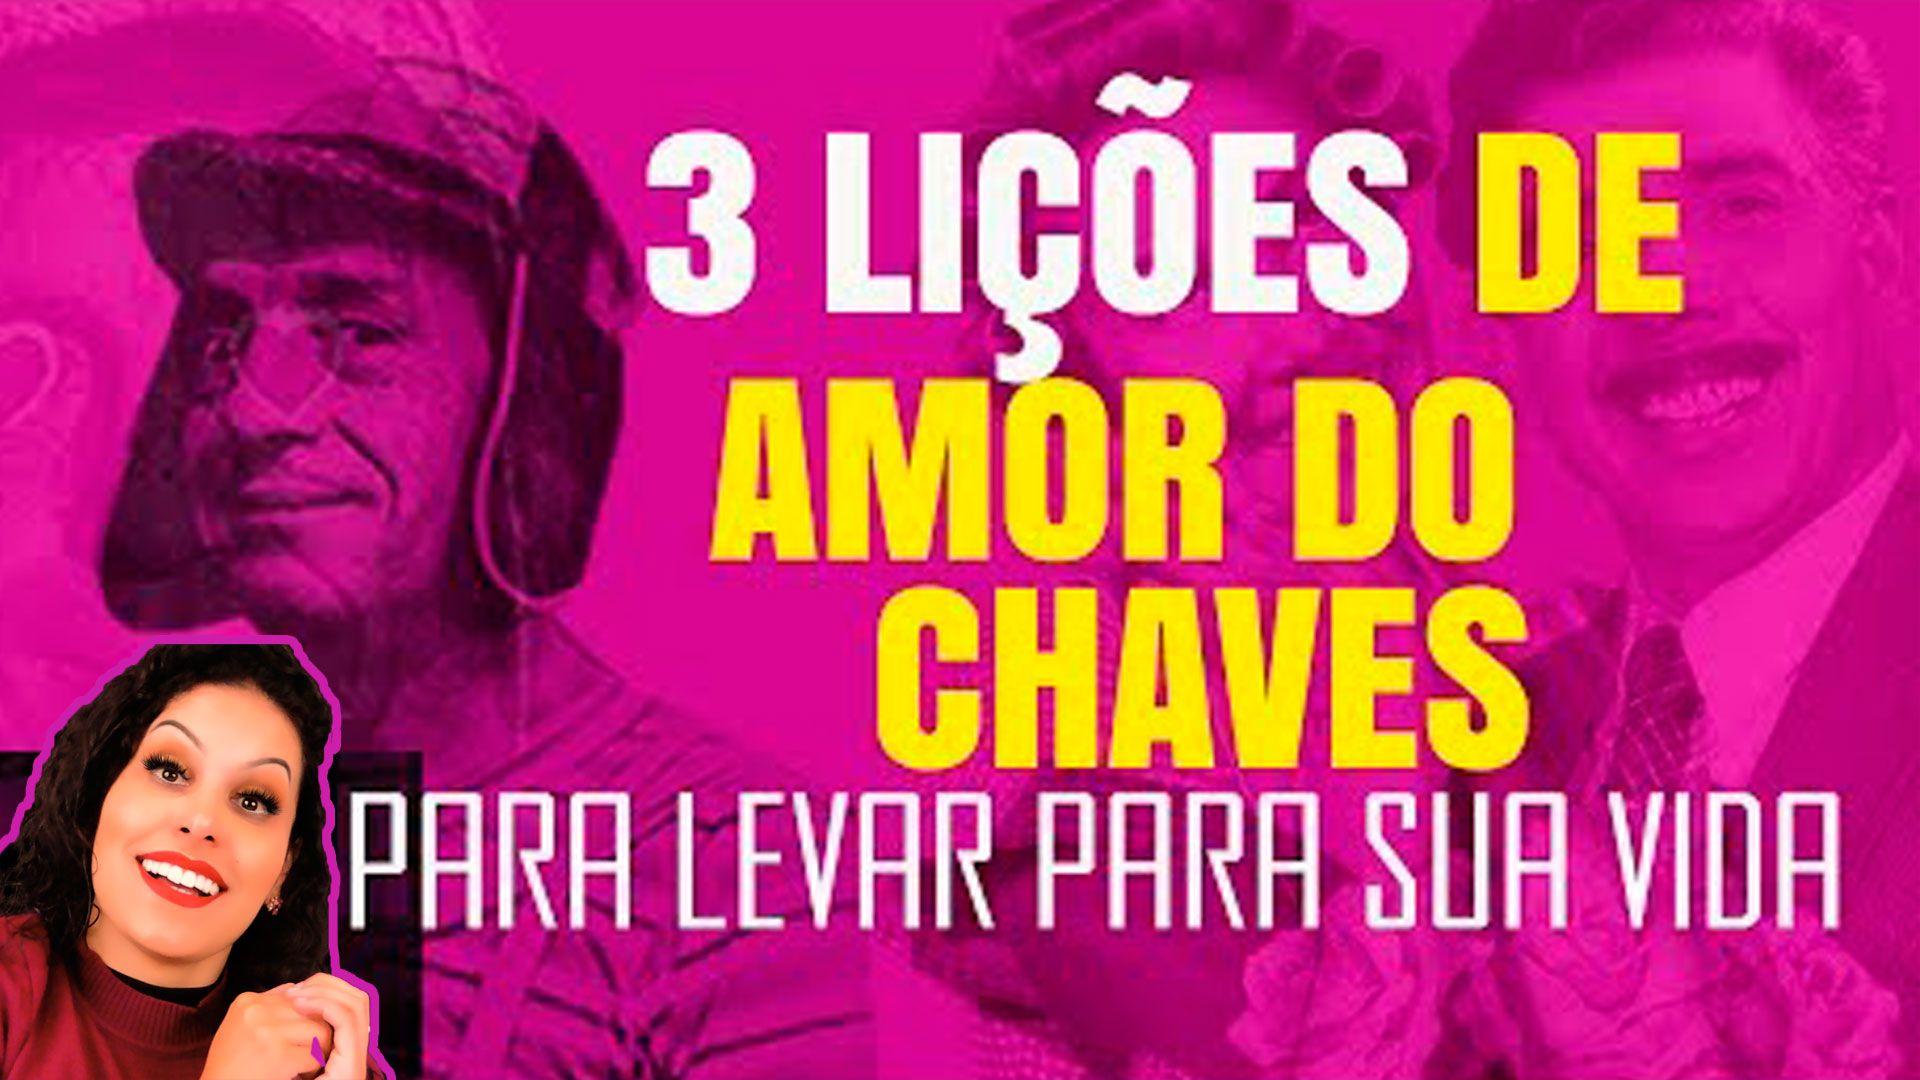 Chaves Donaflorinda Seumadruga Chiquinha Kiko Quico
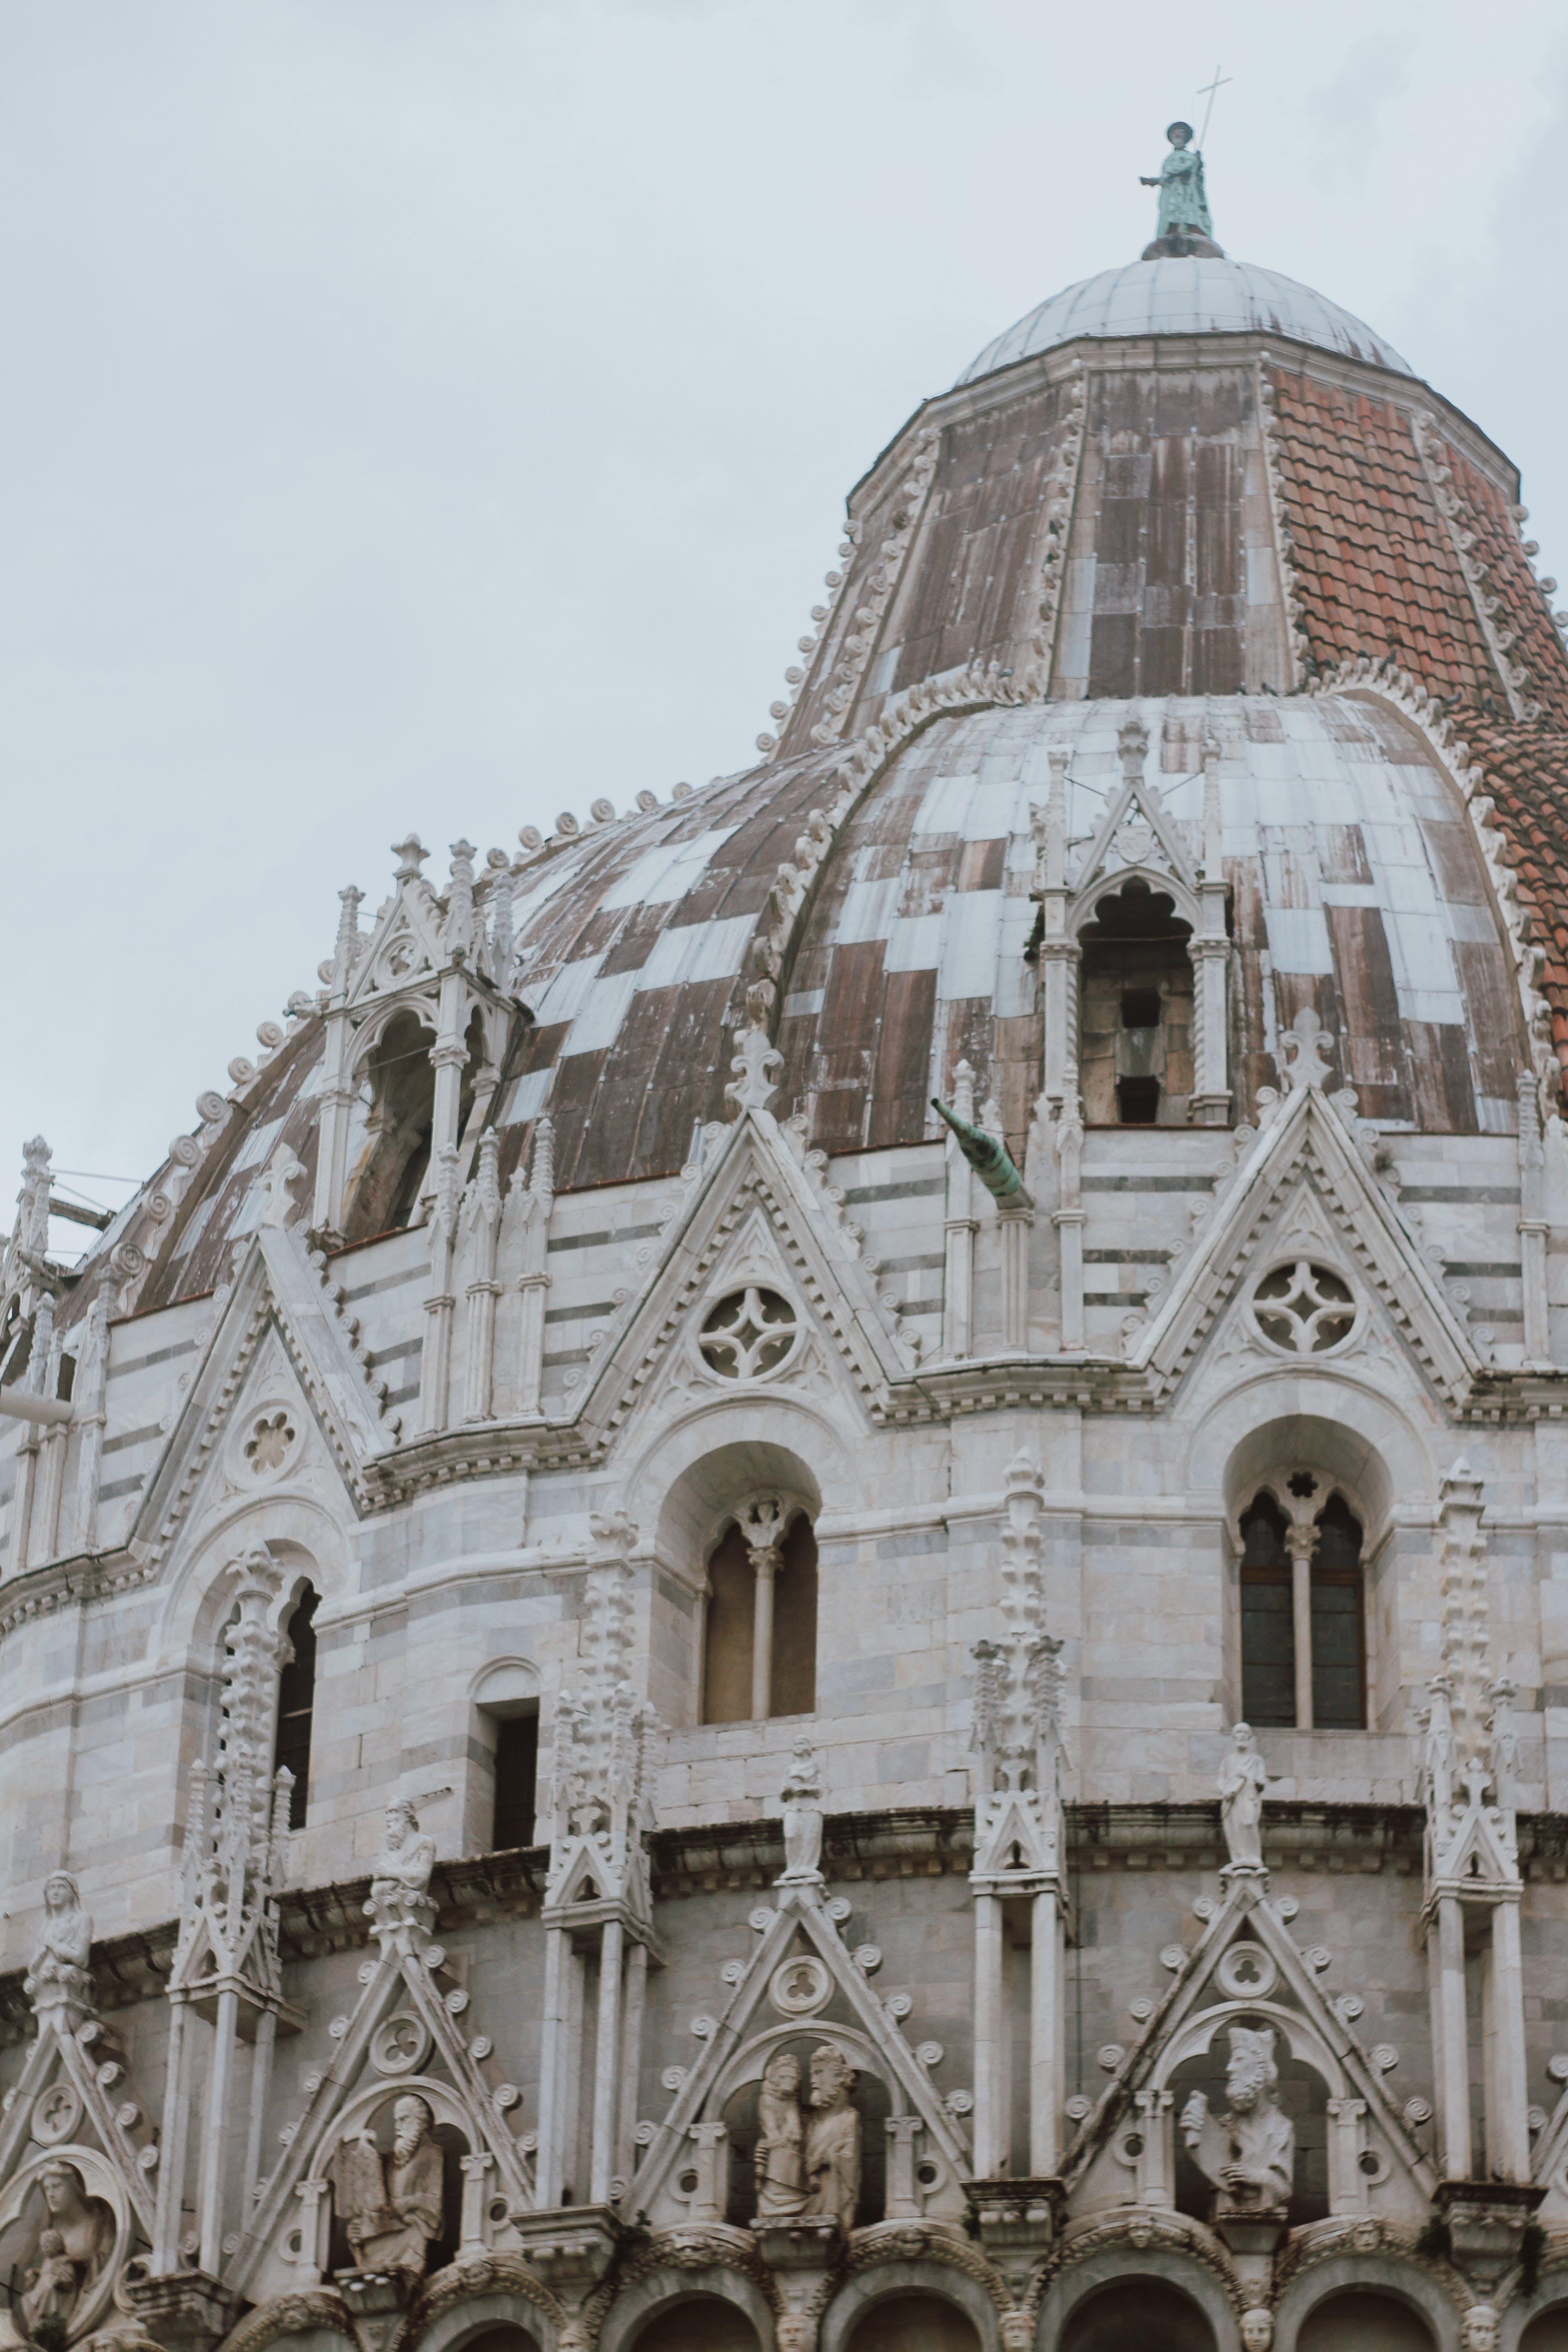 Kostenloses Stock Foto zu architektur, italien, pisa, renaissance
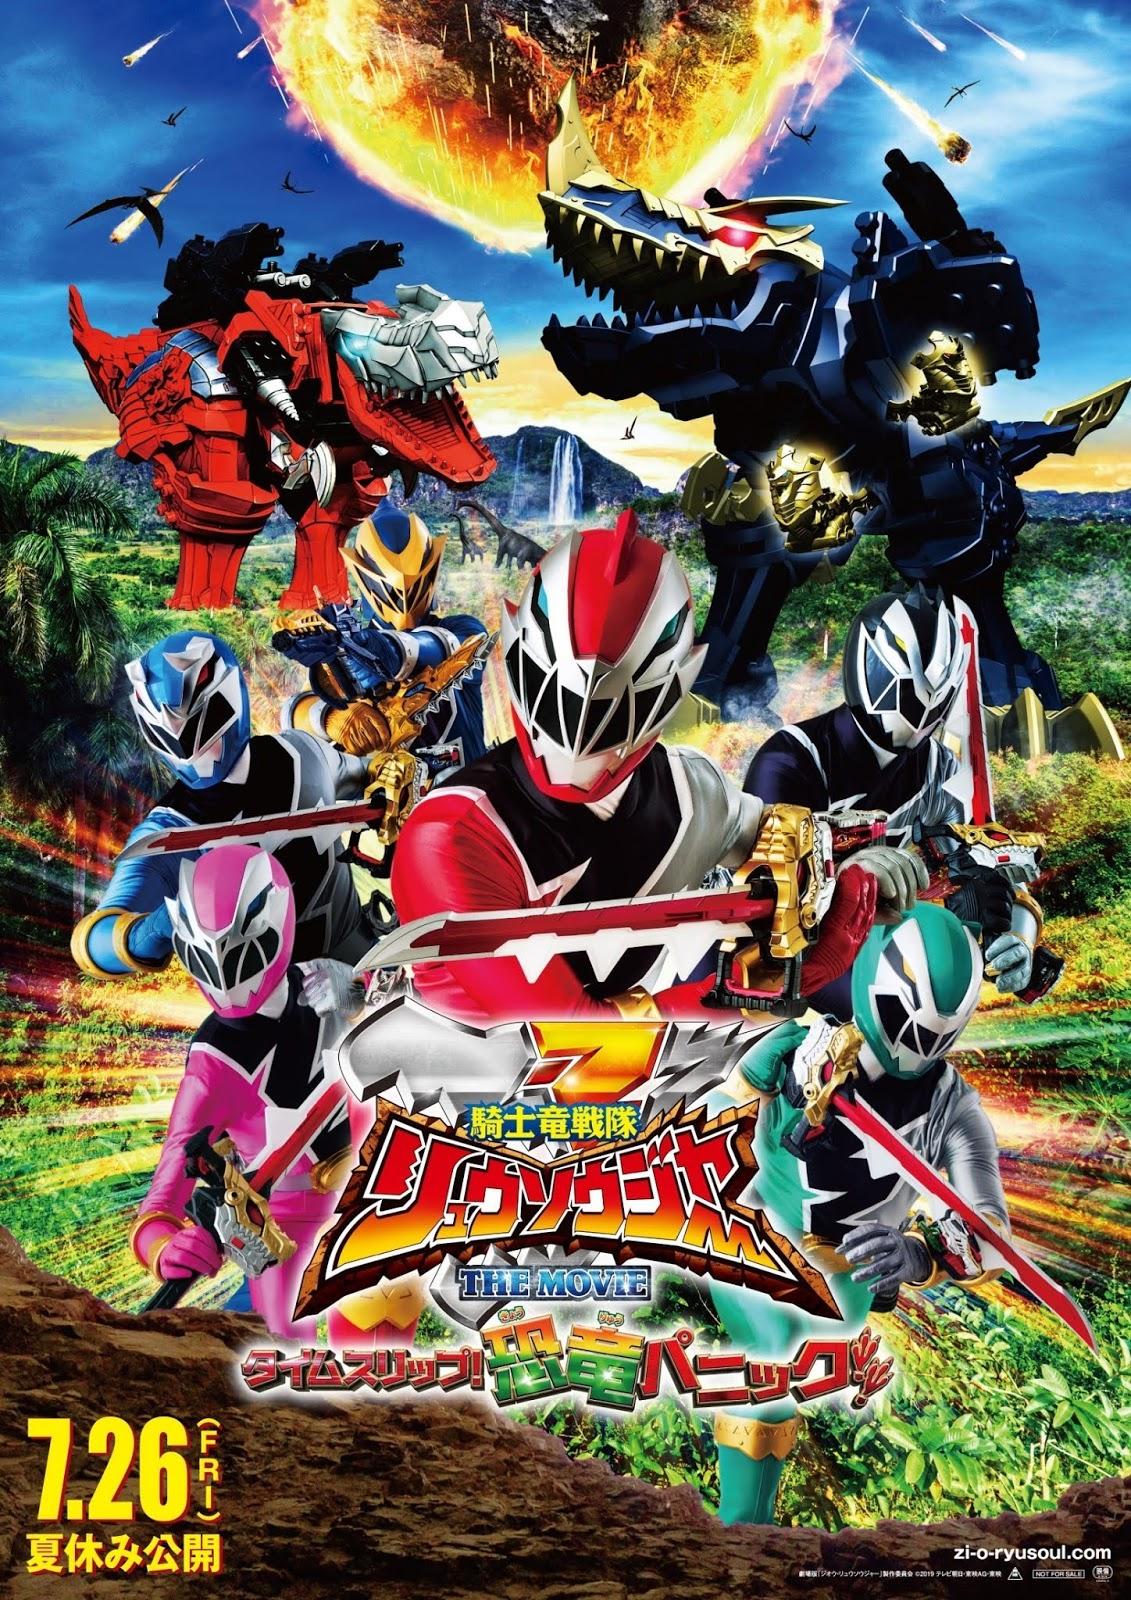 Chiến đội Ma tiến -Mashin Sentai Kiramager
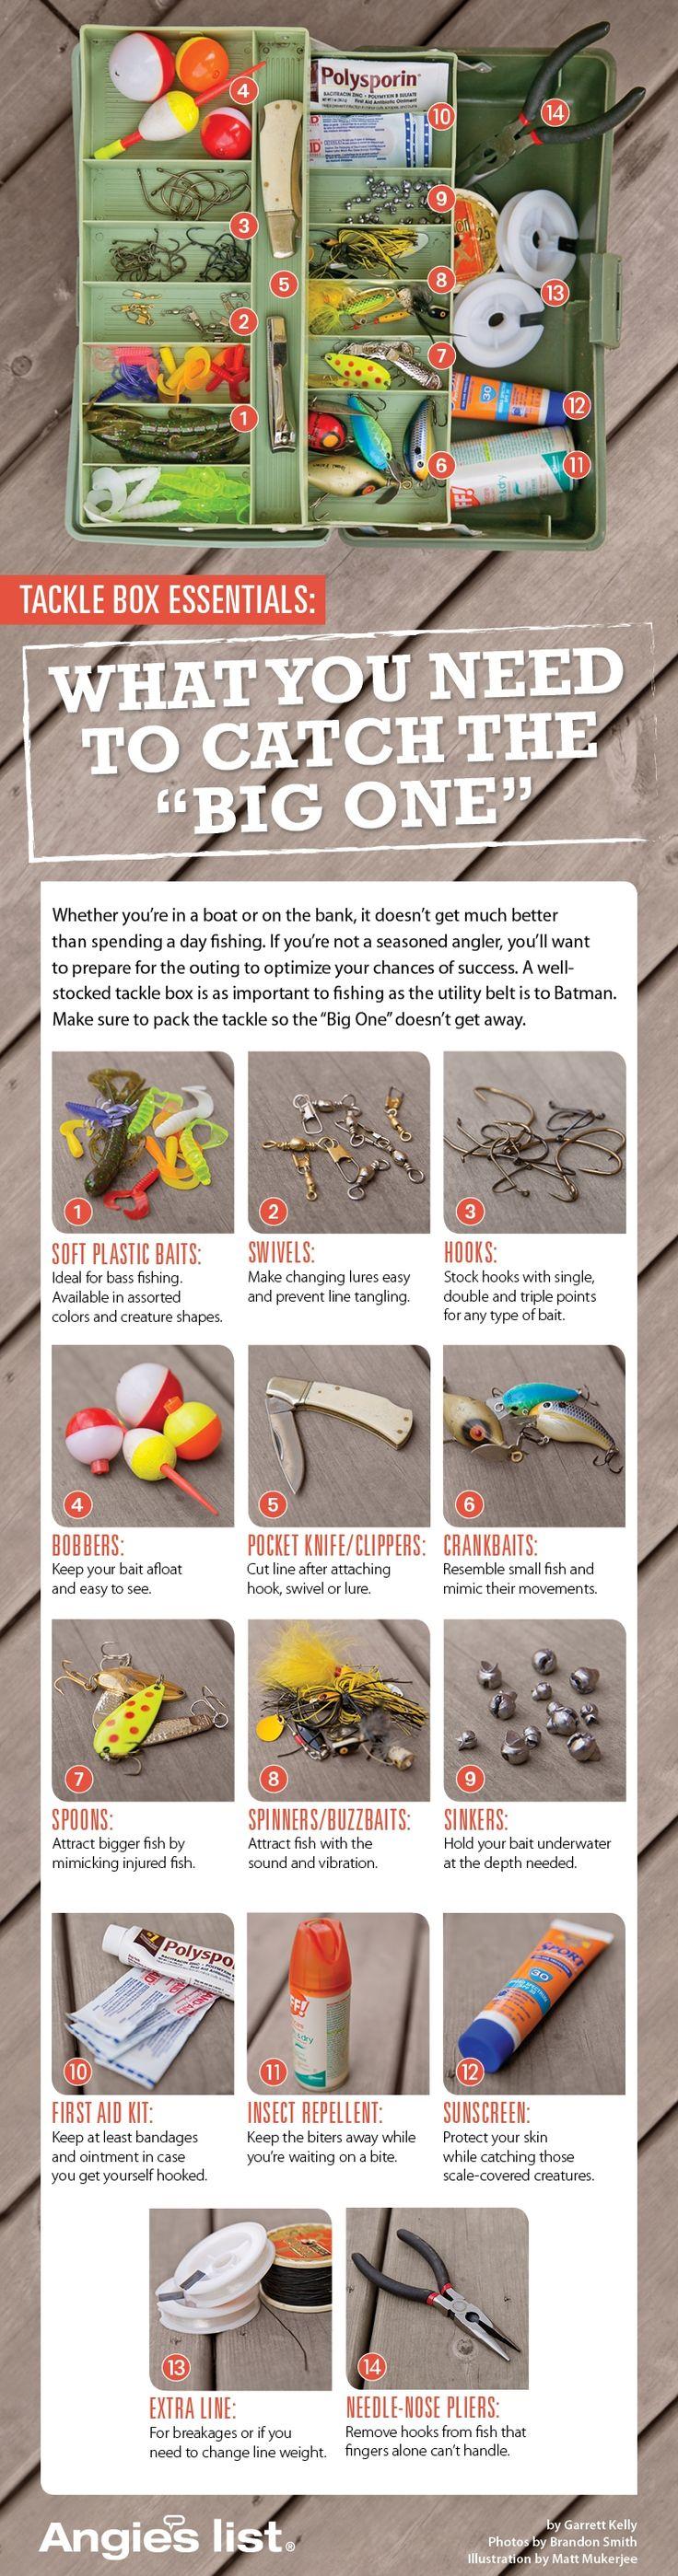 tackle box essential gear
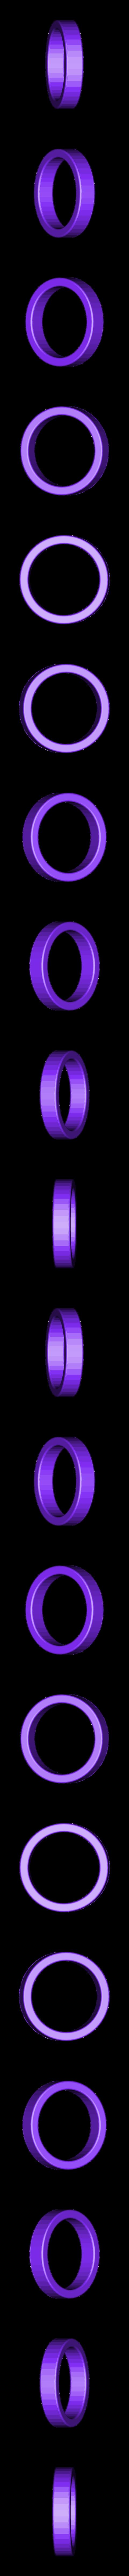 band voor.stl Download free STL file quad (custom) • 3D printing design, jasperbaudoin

Your task:
All of the data above should be printed again exactly, though none of the pictures belong in the copy.

Your solution:
 Chaves Donaflorinda Seumadruga Chiquinha Kiko Quico
 Kostenloses Stock Foto zu architektur, italien, pisa, renaissance
 Chiến đội Ma tiến -Mashin Sentai Kiramager
 tackle box essential gear
 band voor.stl Download free STL file quad (custom) • 3D printing design, jasperbaudoin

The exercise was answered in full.